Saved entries
####################
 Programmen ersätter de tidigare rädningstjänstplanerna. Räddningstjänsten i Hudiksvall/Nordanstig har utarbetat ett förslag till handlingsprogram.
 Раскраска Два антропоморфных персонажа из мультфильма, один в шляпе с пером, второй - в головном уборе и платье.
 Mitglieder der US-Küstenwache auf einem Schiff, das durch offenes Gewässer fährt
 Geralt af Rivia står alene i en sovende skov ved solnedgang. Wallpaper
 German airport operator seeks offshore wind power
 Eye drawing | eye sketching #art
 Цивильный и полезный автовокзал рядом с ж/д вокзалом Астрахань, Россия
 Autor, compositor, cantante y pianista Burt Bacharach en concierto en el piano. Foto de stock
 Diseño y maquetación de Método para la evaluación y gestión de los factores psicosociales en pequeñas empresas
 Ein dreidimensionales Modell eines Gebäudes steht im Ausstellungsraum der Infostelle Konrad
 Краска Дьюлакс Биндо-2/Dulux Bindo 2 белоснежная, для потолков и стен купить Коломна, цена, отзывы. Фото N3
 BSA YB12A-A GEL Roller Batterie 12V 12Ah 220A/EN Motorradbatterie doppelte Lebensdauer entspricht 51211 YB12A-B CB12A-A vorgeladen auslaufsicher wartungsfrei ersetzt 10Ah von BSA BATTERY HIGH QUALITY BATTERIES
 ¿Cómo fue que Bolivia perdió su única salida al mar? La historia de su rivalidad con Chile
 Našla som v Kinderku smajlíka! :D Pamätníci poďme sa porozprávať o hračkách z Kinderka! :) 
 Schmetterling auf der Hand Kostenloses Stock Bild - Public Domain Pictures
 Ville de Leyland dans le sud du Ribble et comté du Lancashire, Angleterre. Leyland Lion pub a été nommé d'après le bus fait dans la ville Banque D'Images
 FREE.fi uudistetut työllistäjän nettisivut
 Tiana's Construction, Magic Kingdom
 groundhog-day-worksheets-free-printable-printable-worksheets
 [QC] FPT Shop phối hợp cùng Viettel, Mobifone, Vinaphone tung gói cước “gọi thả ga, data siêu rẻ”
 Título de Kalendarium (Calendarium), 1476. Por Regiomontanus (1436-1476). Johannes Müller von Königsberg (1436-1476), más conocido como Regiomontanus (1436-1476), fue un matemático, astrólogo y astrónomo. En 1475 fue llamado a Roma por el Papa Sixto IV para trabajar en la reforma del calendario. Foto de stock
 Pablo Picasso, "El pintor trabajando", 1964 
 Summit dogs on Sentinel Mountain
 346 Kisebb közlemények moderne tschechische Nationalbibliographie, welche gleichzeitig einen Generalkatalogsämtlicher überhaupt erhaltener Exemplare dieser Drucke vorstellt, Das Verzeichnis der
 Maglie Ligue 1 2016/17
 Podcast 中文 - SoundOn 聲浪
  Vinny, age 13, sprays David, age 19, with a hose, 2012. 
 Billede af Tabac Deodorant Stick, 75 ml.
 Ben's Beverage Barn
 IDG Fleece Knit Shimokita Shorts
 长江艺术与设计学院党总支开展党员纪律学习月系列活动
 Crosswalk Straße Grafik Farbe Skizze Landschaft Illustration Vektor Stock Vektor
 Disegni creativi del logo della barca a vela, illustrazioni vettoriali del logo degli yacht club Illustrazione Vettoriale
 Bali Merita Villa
####################
[Work to complete]: Count each line above where the word "para" appears, and answer with nothing except that count.

[Solved exercise]: 2